Interfor Corporation has reached an agreement with an affiliate of Kelso & Company to acquire 100% of the equity interests of Eacom Timber Corporation.
The purchase price is C$490 million, on a cash and debt free basis, which includes C$120 million of net working capital. In addition, Interfor will assume Eacom’s countervailing (“CV”) and anti-dumping duty deposits at closing, for consideration equal to 55% of the total deposits on an after-tax basis.

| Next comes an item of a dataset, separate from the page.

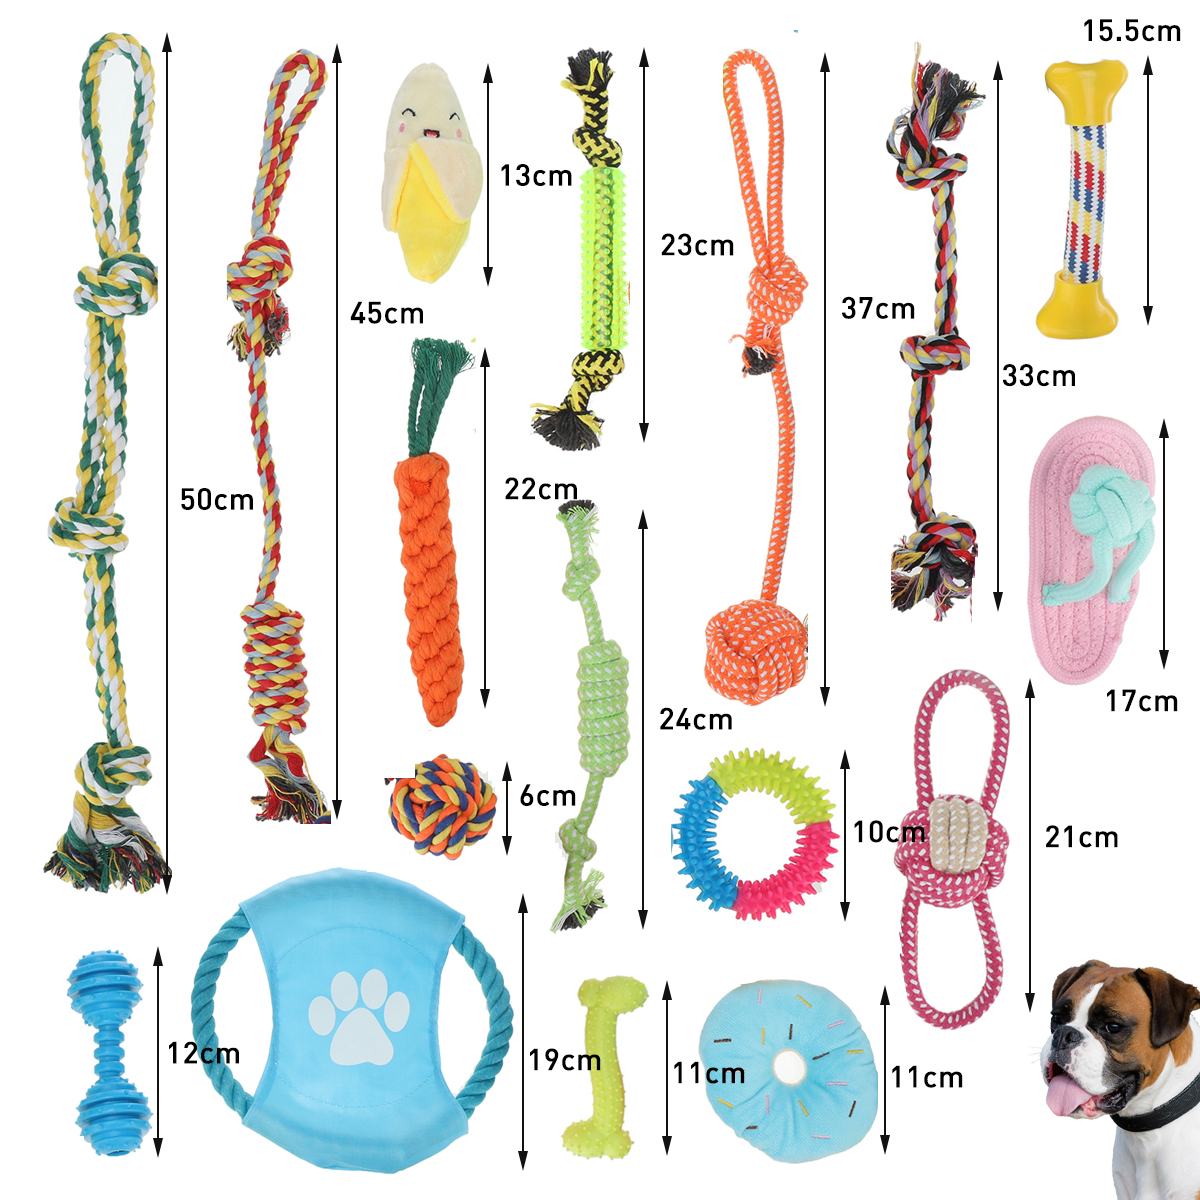 Dog-Rope-Toys-Set-1317-Pack-Dog-Chew-Toys-for-Dog-Teeth-Grinding-Cleaning-Ball-Play-IQ-Training-Inte-1917327-12

As of September 30, 2021, Eacom had paid cumulative CV and AD duties of US$150 million.
The acquisition is consistent with Interfor’s growth-focused strategy as a pure-play lumber producer, increasing Interfor’s total lumber production capacity by 25%. On a pro-forma basis, Interfor’s total annual lumber production capacity will increase to 4.9 billion board feet, of which 46% will be in the US South, 16% in the US Northwest, 20% in eastern Canada and 18% in British Columbia.
“This transaction makes Interfor a truly North American lumber producer, with operations in all the key fibre regions on the continent, further diversifying and de-risking our operating platform and enhancing our growth potential and opportunity set,” said Ian Fillinger, President & CEO. “This transformational growth secures a desirable SPF product mix to meet the growing demand of our customers, at a time when SPF fibre supply is under increasing pressure in other jurisdictions in North America and around the world.”
The completion of the acquisition is subject to customary conditions and regulatory approvals for a transaction of this kind and is expected to close in the first half of 2022.